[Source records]
-- Opening Marker --
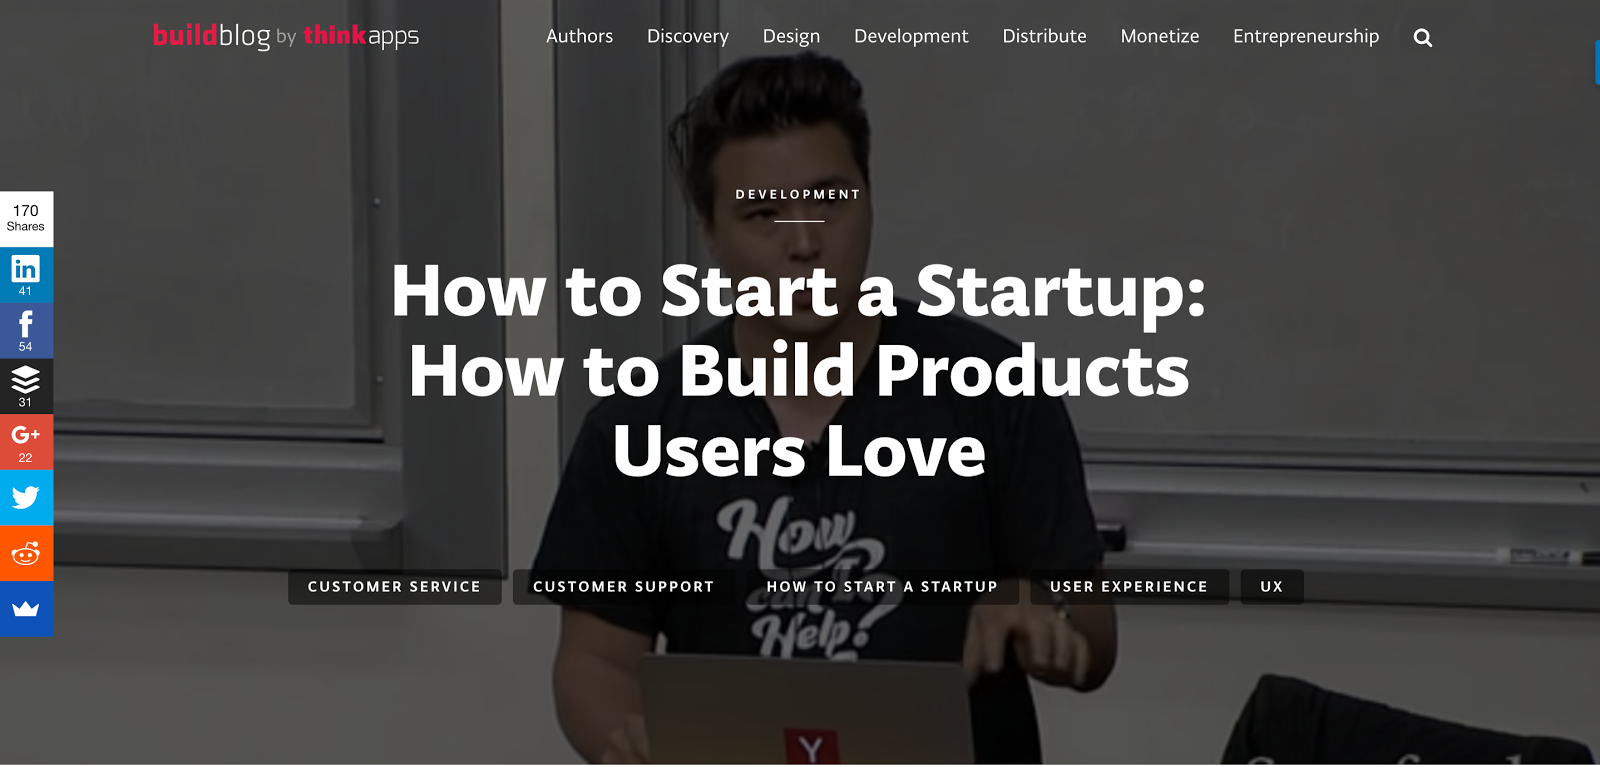 Create products users love YC 1
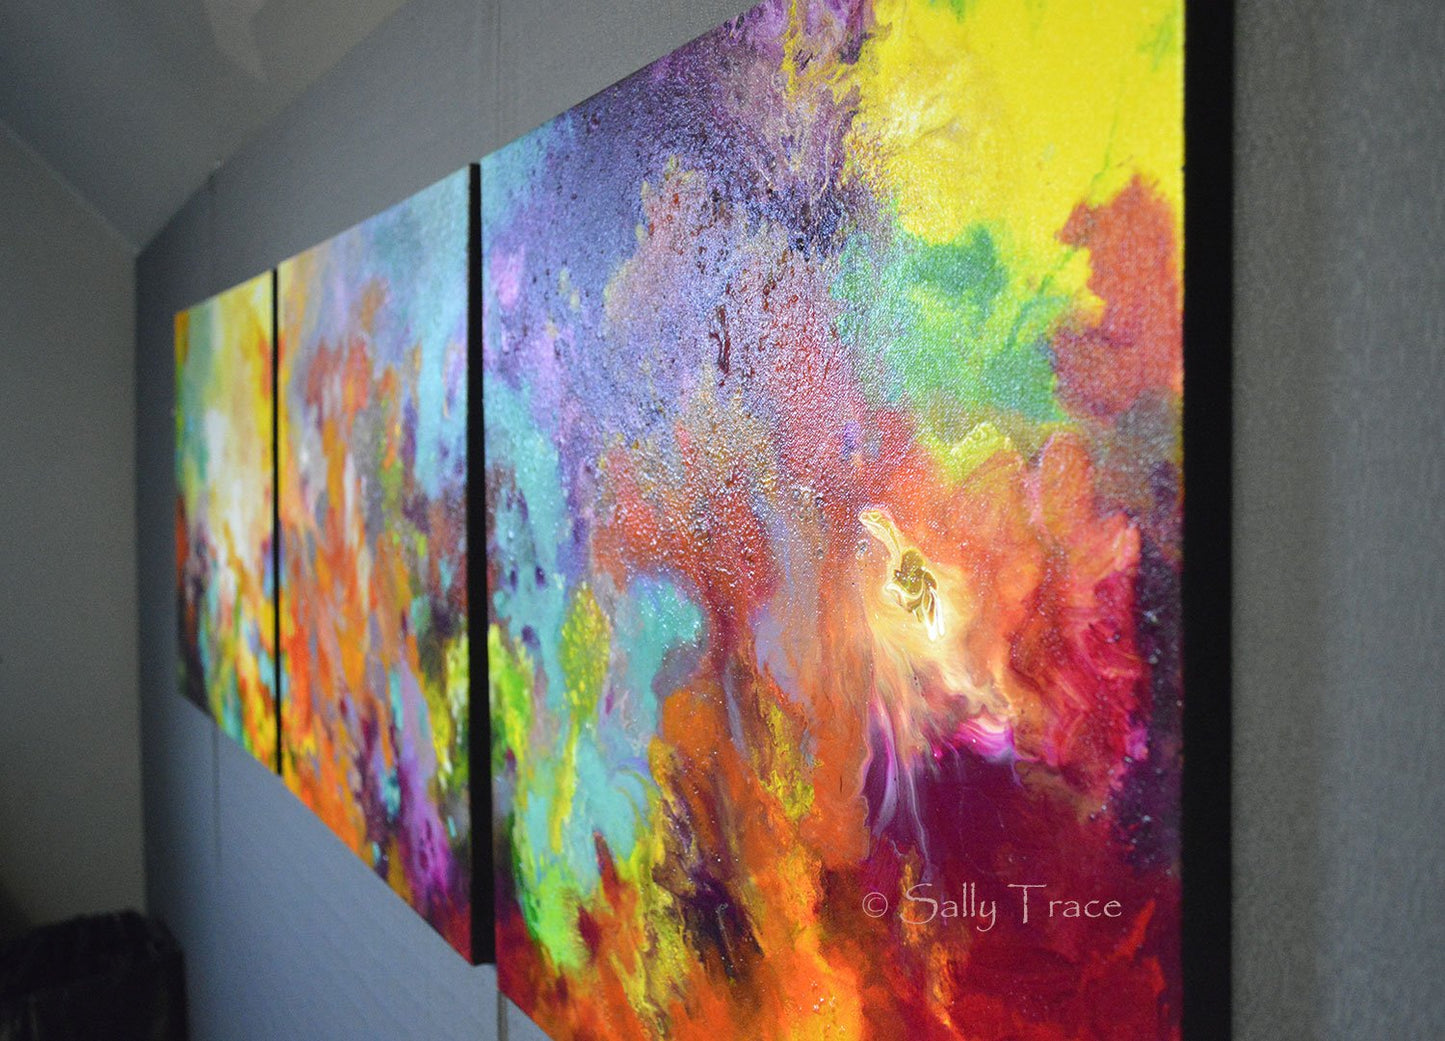 Momentum, original abstract triptych paintings. Three 20x20 inch paintings, acrylic on canvas. A richly detailed fluid painting with light texture, close-up view
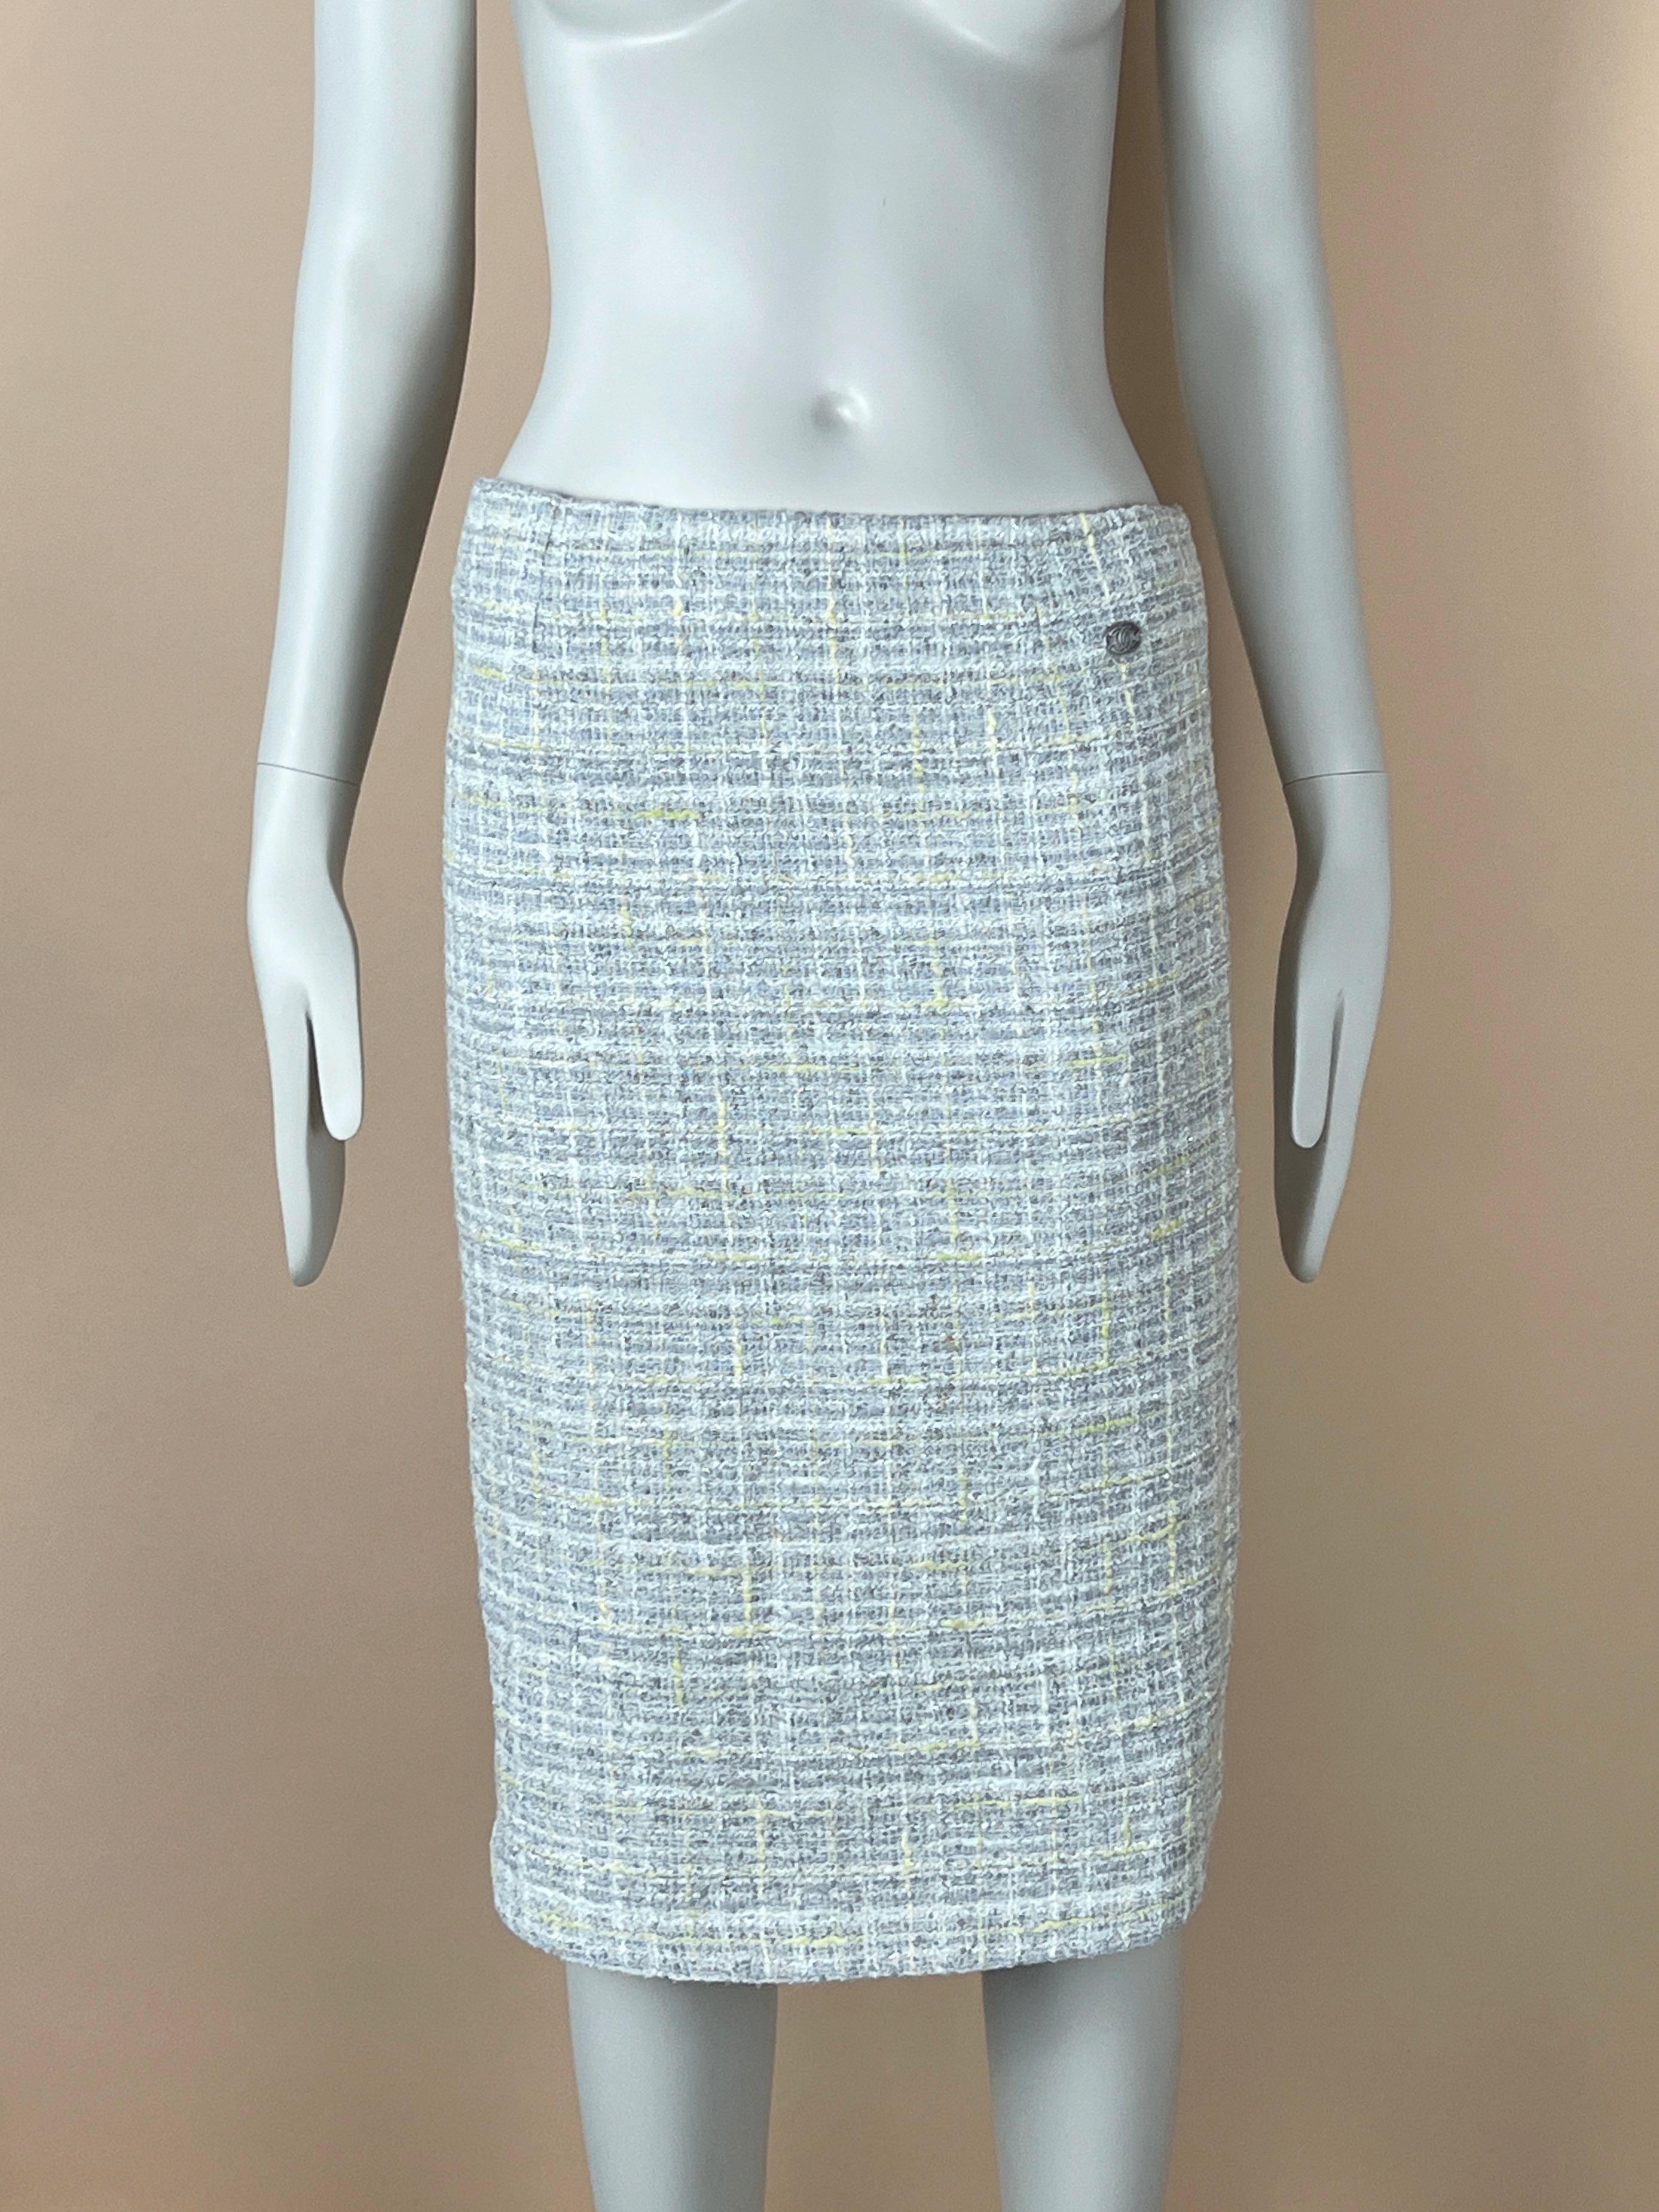 New Chanel lesage tweed high-waisted skirt from Paris / London collection.
So beautiful pastel colours (bluish gray, green, Ecru)!
CC logo at waist, Full silk lining.
Size mark 40 fr.
-- Closing Marker --
WHAT THIS TASK INVOLVES:
Your answer should be an exact copy of the entries above, with no images included.

YOUR RESPONSE:
 Create products users love YC 1
 Momentum, original abstract triptych paintings. Three 20x20 inch paintings, acrylic on canvas. A richly detailed fluid painting with light texture, close-up view
 New Chanel lesage tweed high-waisted skirt from Paris / London collection.
So beautiful pastel colours (bluish gray, green, Ecru)!
CC logo at waist, Full silk lining.
Size mark 40 fr.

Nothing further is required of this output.